You could argue that the kernel should do something if the device
capacity shrinks. But it is unclear to me what "the right thing" is in
all cases. What if there is not a mounted filesystem in the affected
block range? Maybe the reduced block range it is not even described by
an entry in the partition table? Should we do something? How does SCSI
know how much of the capacity is actively in use, if any? Also, what's a
partition?

In addition, given our experience with NVMe devices which, for $OTHER_OS
reasons, truncated their capacity when they experienced media problems,
I am not sure we want to encourage anybody ever going down this
path. What a mess!

But this misses my point. sbc5r01.pdf says this:

    "If the device server supports changing the block descriptor parameters
     by a MODE SELECT command and the number of logical blocks or the
     logical block length is changed, then the device server establishes
     a unit attention condition of:
        a) CAPACITY DATA HAS CHANGED as described in 4.10; and
        b) MODE PARAMETERS CHANGED as described in SPC-6.

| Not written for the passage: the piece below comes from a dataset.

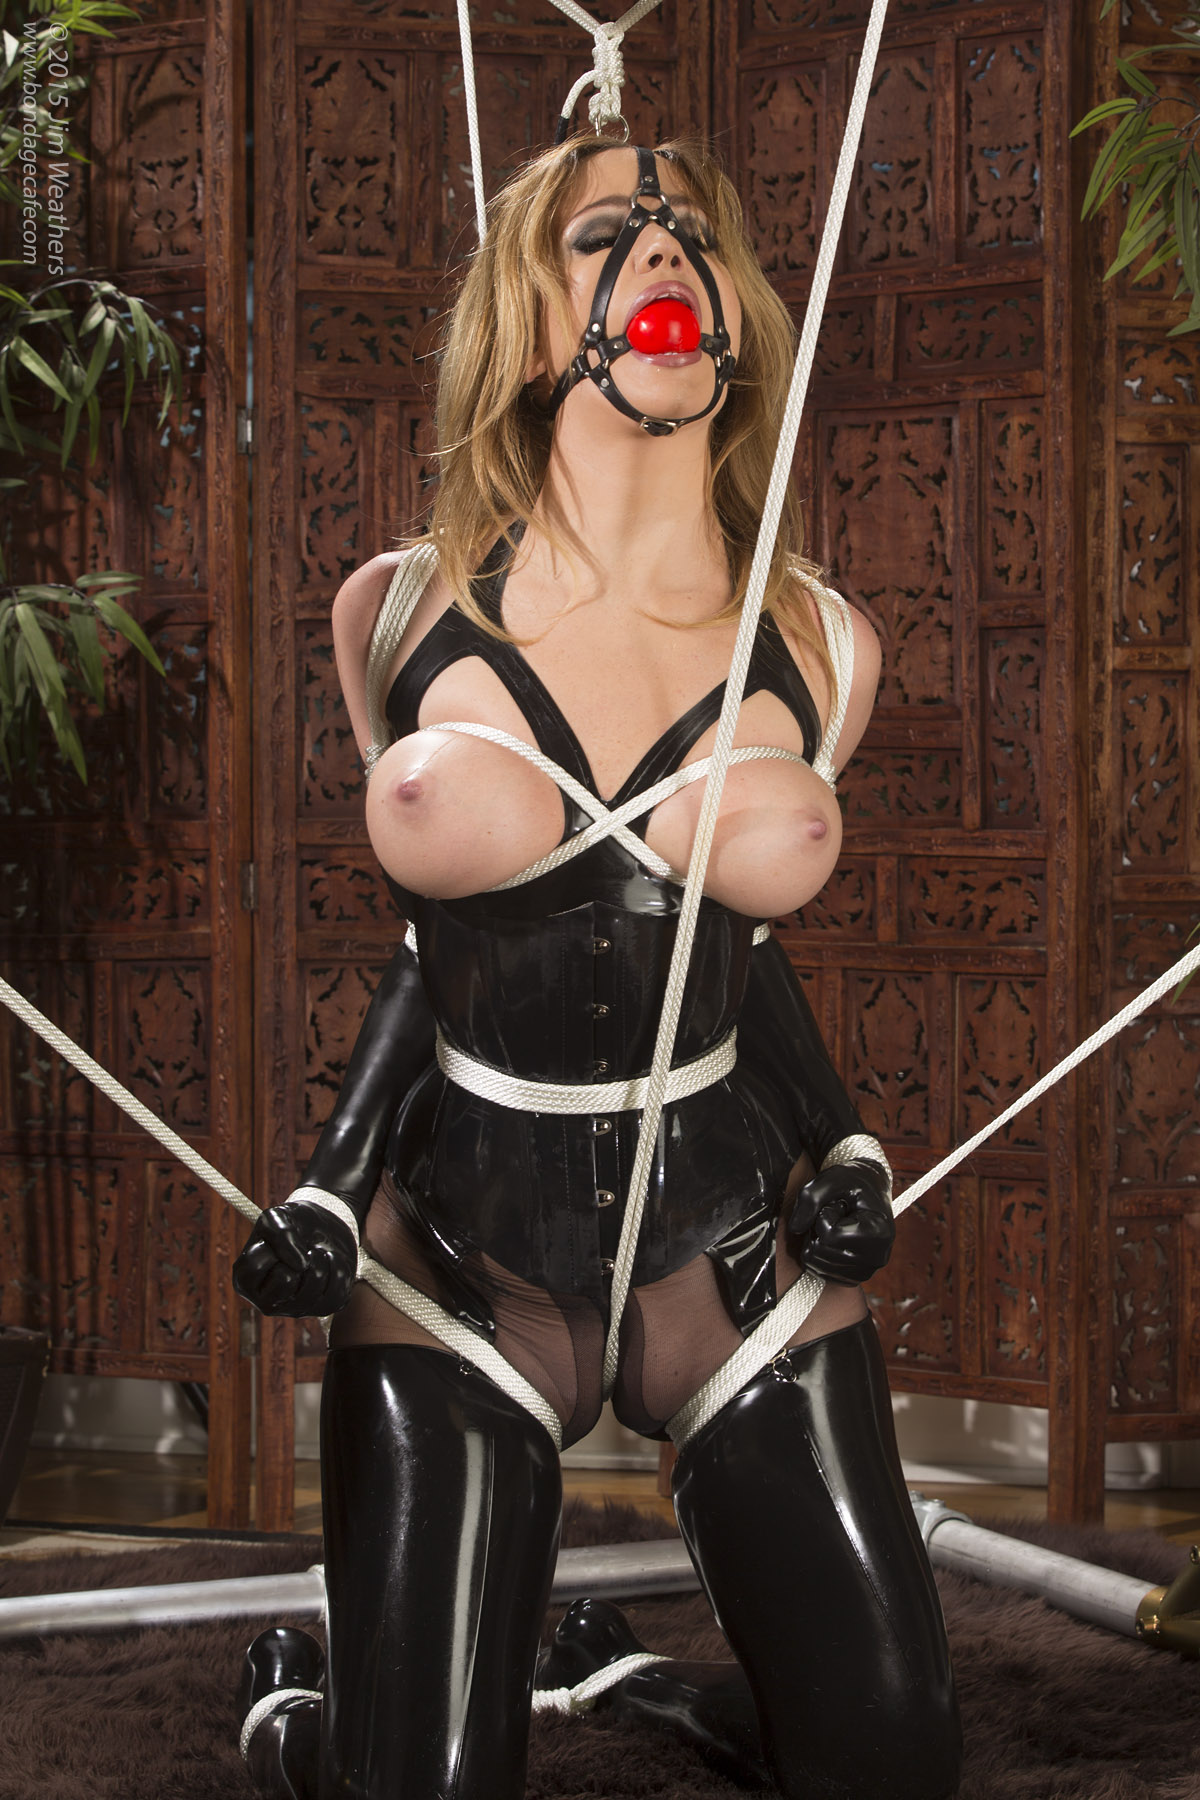 【SMエロ画像】巨乳に施したい縄ブラジャーというかただの緊縛放置www 07

My point is: if "the logical block length is changed" then the sd driver
can NOT reliably issue any IO commands (READ or WRITE) until it does a
READ CAPACITY command to find out whether the LB size has changed, and
if so, to what.

Also more and more settings in SCSI *** are giving the option to
return an error (even MEDIUM ERROR) if the initiator is reading a
block that has never been written. So if the sd driver is looking for
a partition table (LBA 0 ?)  then you have a chicken and egg problem
that retrying will not solve.

For a general purpose OS it is completely unreasonable to expect that
the OS has prior knowledge about which blocks were written. How is that
even supposed to work if you plug in a USB drive from a different
machine/OS? It also breaks the notion of array disks being
self-describing which is now effectively an industry requirement.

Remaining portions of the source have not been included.